Towards a Causal Probabilistic Framework for Prediction, Action-Selection & Explanations for Robot Block-Stacking Tasks
This work addresses the fragility of robots in uncontrolled environments, which is a problem for applications like warehouse logistics and domestic support, though it appears incremental as it builds on existing causal and probabilistic methods.
The authors tackled the problem of robots failing in uncertain real-world scenarios by proposing a causal probabilistic framework for block-stacking tasks, which allows robots to perceive states, select actions, and generate explanations, with results demonstrated through exemplar action selection.

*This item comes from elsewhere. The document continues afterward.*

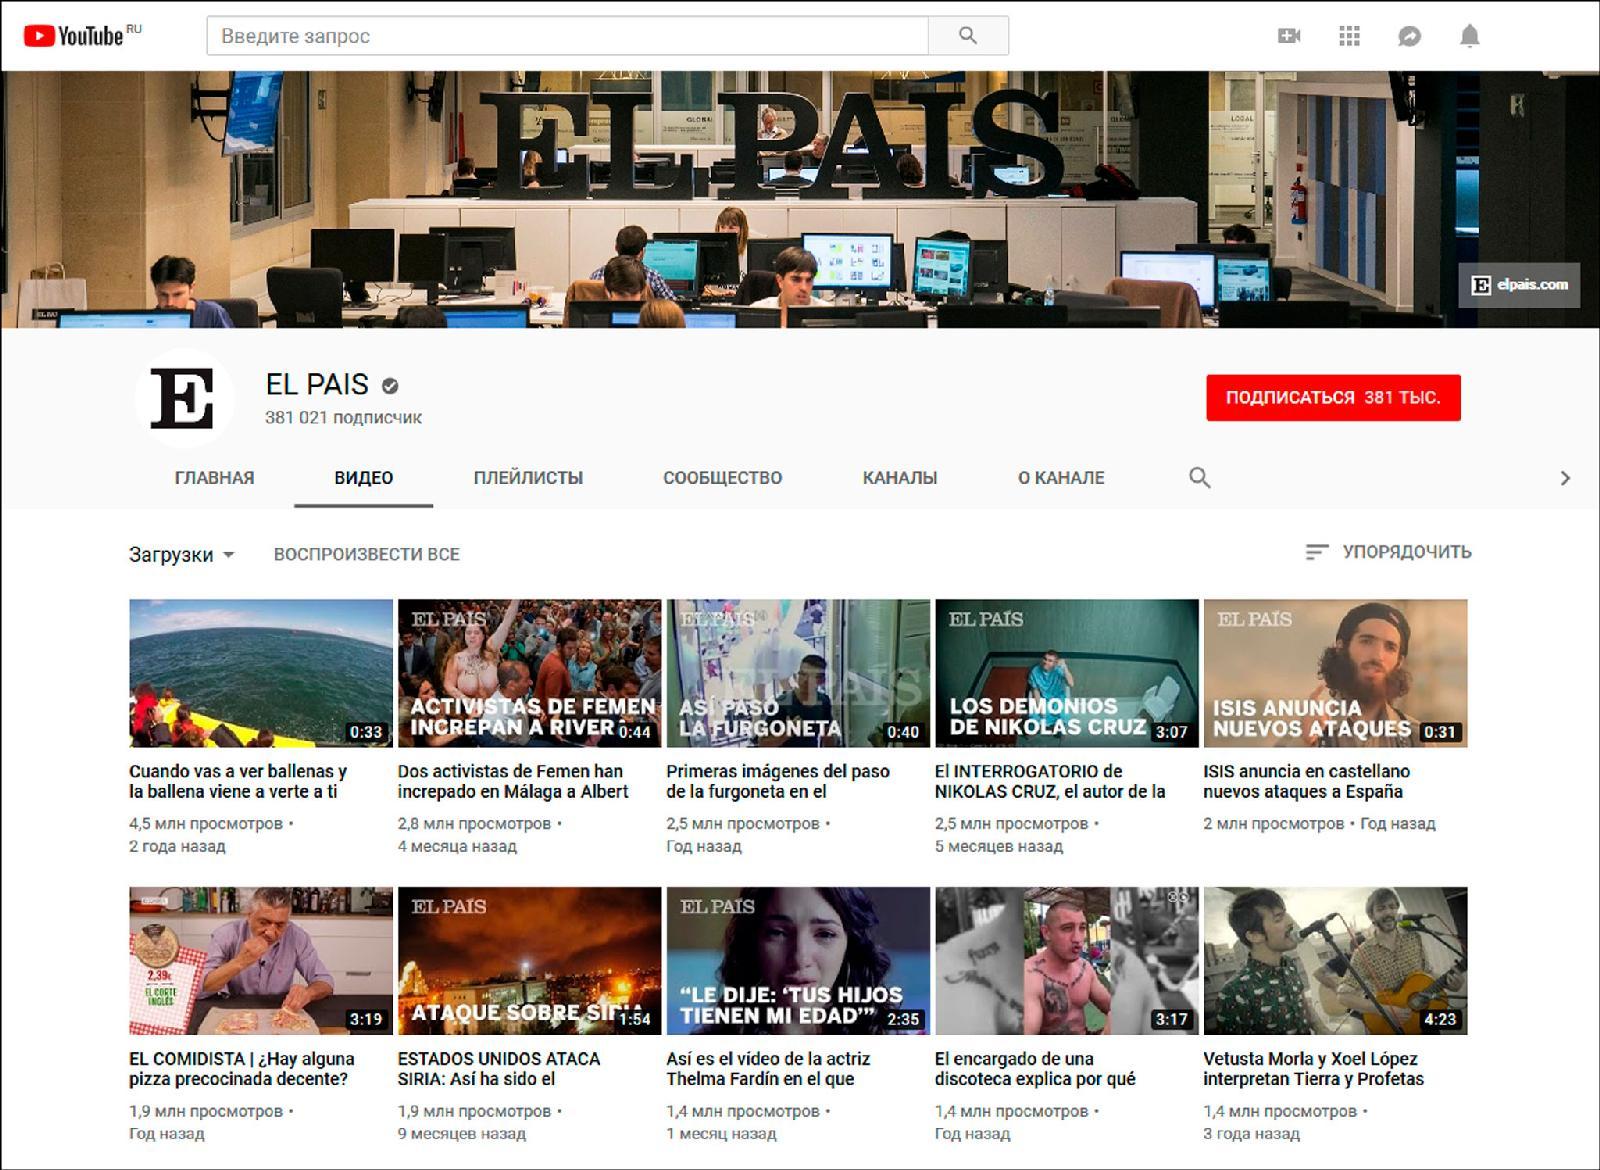 У YouTube-канала издания – 376 тысяч подписчиков. Самые популярные видео набирают 1–2 миллиона просмотров

Uncertainties in the real world mean that is impossible for system designers to anticipate and explicitly design for all scenarios that a robot might encounter. Thus, robots designed like this are fragile and fail outside of highly-controlled environments. Causal models provide a principled framework to encode formal knowledge of the causal relationships that govern the robot's interaction with its environment, in addition to probabilistic representations of noise and uncertainty typically encountered by real-world robots. Combined with causal inference, these models permit an autonomous agent to understand, reason about, and explain its environment. In this work, we focus on the problem of a robot block-stacking task due to the fundamental perception and manipulation capabilities it demonstrates, required by many applications including warehouse logistics and domestic human support robotics. We propose a novel causal probabilistic framework to embed a physics simulation capability into a structural causal model to permit robots to perceive and assess the current state of a block-stacking task, reason about the next-best action from placement candidates, and generate post-hoc counterfactual explanations. We provide exemplar next-best action selection results and outline planned experimentation in simulated and real-world robot block-stacking tasks.